Not only does it have a five octave range that corresponds roughly to scale, the ROM has routines which support decay and pitch changes. It goes from A110 to A3520, but after five octaves it doesn't have enough precision to stay on scale.
First, get a copy of the coding guide:
http://www.geocities...oding-guide.zip
I don't know how much of that was from Coleco and how much of that was from Daniel B. I have my own different names for most of the symbols because I disassembled it on my own years ago.
The scale chart is on page 193. The sound format is shown on pages 190-191. (Note that the first line of "NOISE" on p191 should be all zeros.) In the musicbox demo, all the tunes are broken up by channel, but there are still some noise notes mixed with regular notes. Note that the rest, end, and repeat notes may ignore the channel number. Also, I found what appears to be a bug with the "special effect" note that nobody used, and made a note of that in my musicbox disassembly.
All I did was copy existing music just to get things working. Writing a new tune from scratch will depend on understanding the wierdnesses of the sound routines, plus having a good ROM disassembly handy. In my disassembly of musicbox demo, notice how some sounds just add in three or four lists and are done with it, but others muck around with the first byte of the channel tables, maybe to chain two lists together.

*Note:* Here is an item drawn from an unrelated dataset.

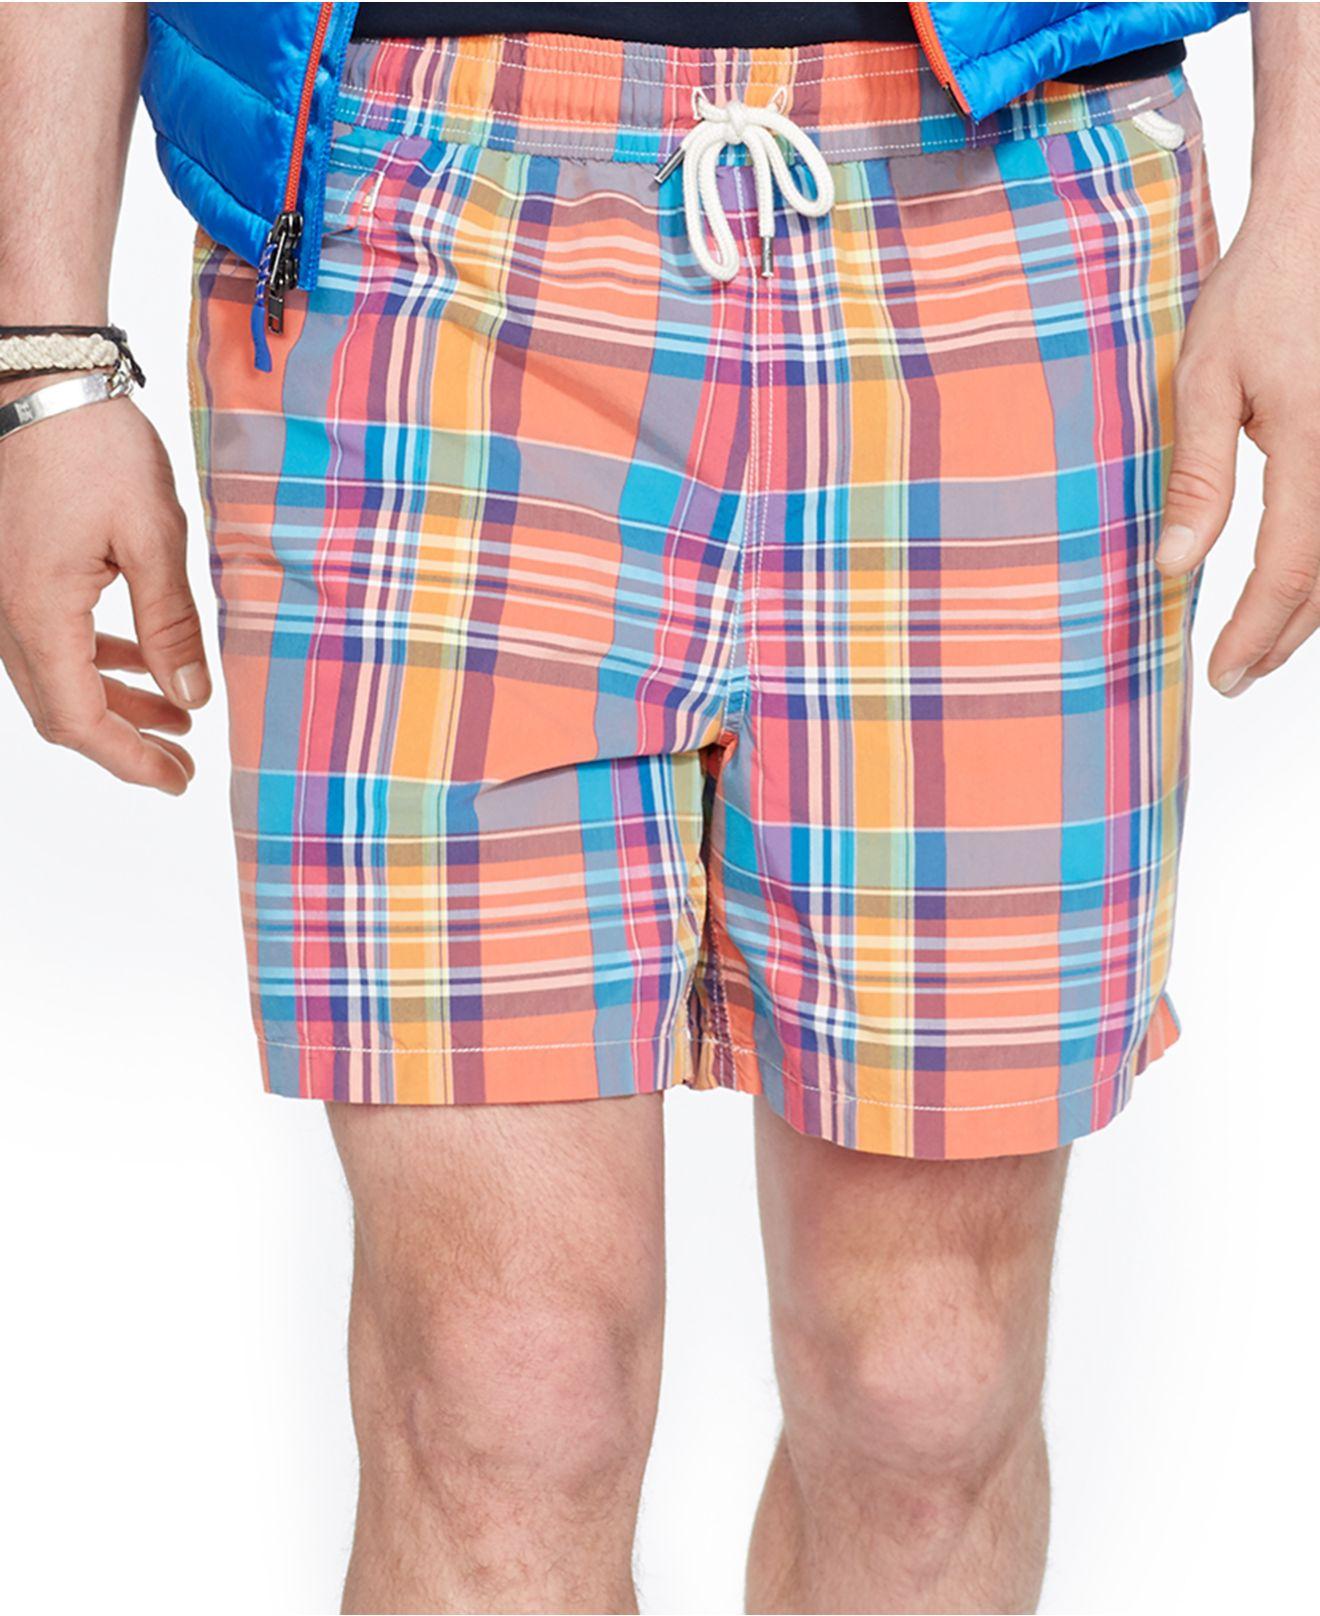 Ralph Lauren Menswear - Ralph Lauren Traveler Swim Shorts Orange

In the musicbox demo, you may notice how the NMI checks some flags; this is to avoid VDP problems. You have to read the VDP status to acknowledge the NMI so that you can get another NMI, but if you read it while a VDP address is being loaded, things will go on the screen at the wrong place. (I've seen this happen with the Bejeweled demo.) It also defers the sound update, but never calls the AddSound routine with the NMI protection. I put the sound update directly into my NMI, but now I have to wonder how good an idea that was.
Also, you can download a copy of my Z-80 assembler from this page:
http://xi6.com/hacks/ Here are the commands which will assemble a file:
asmz80 -l -o -w -e $file
makerom <$file.hex >$file.bin
FWIW, I started work a long time ago on an optimized BIOS ROM, and was able to save over 1K (out of 8K!), and still remain compatible with most stuff. While looking into the sound routines the other day, I actually found six or seven more bytes to save, and possibly another couple more. It's absurd how loose that code was.
Edited by Bruce Tomlin, Thu Mar 16, 2006 8:30 AM.